针对这个问题AMPLab的Ankur Dave提出了IndexedRDD，它是Immutability和Fine-Grained updates的精妙结合。IndexedRDD是一个基于RDD的Key-Value Store，扩展自RDD[(K, V)]，可以在IndexRDD上进行高效的查找、更新以及删除。

该问题的地址点击JIRA，详细设计文档参考JIRA。

设计思路

按照Key的Hash值把数据保持到不同的Partition中。

在每个Partition中根据Key建立索引，通过新建节点复用老节点的方式来实现数据的更新。

这里写图片描述

IndexedRDD API

IndexedRDD主要提供了三个接口：

multiget: 获取一组Key的Value

multiput: 更新一组Key的Value

delete: 删除一组Key的Value

class IndexedRDD[K: ClassTag, V: ClassTag] extends RDD[(K, V)] {

    /** Gets the values corresponding to the specified keys, if any. */
    def multiget(ks: Array[K]): Map[K, V]

    /**
       * Updates the keys in `kvs` to their corresponding values, running `merge` on old and new values
       * if necessary. Returns a new IndexedRDD that reflects the modification.
       */
    def multiput[U: ClassTag](kvs: Map[K, U], z: (K, U) => V, f: (K, V, U) => V): IndexedRDD[K, V]

    /**
      * Deletes the specified keys. Returns a new IndexedRDD that reflects the deletions.
      */
    def delete(ks: Array[K]): IndexedRDD[K, V]
}

此外IndexedRDD还提供了基于RDD 构建IndexedRDD的函数：

object IndexedRDD {
  /**
   * Constructs an updatable IndexedRDD from an RDD of pairs, merging duplicate keys arbitrarily.
   */
  def apply[K: ClassTag : KeySerializer, V: ClassTag] (elems: RDD[(K, V)]): IndexedRDD[K, V]
}

IndexedRDD使用

下面这个例子来自IndexedRDD的Github页面，展示IndexedRDD的使用例子。

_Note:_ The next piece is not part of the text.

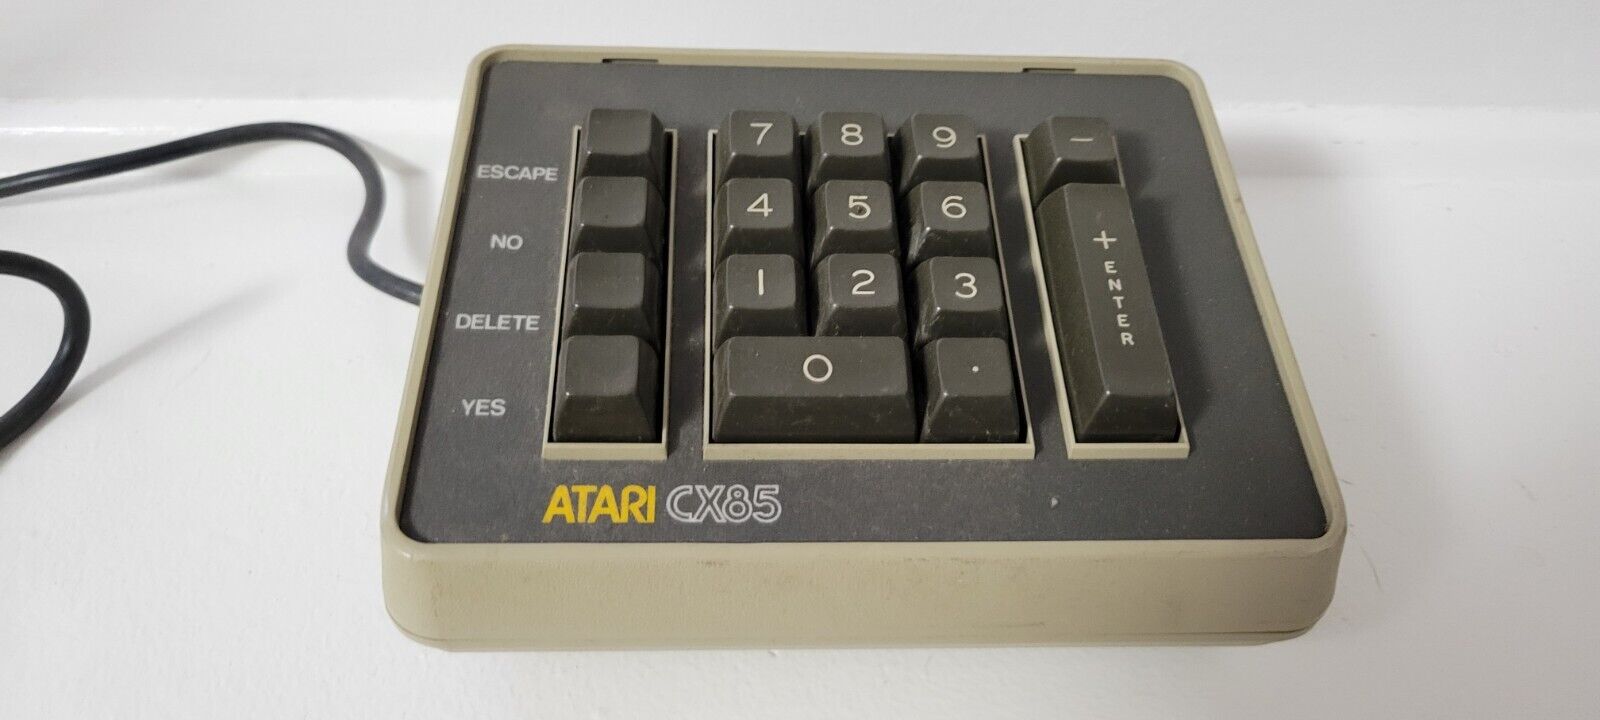 Atari CX85 Numeric Keypad for ATARI Computer Systems 400/800/XL/XE

import edu.berkeley.cs.amplab.spark.indexedrdd.IndexedRDD

// Create an RDD of key-value pairs with Long keys.
val rdd = sc.parallelize((1 to 1000000).map(x => (x.toLong, 0)))
// Construct an IndexedRDD from the pairs, hash-partitioning and indexing
// the entries.
val indexed = IndexedRDD(rdd).cache()

// Perform a point update.
val indexed2 = indexed.put(1234L, 10873).cache()
// Perform a point lookup. Note that the original IndexedRDD remains
// unmodified.
indexed2.get(1234L) // => Some(10873)
indexed.get(1234L) // => Some(0)

// Efficiently join derived IndexedRDD with original.
val indexed3 = indexed.innerJoin(indexed2) { (id, a, b) => b }.filter(_._2 != 0)
indexed3.collect // => Array((1234L, 10873))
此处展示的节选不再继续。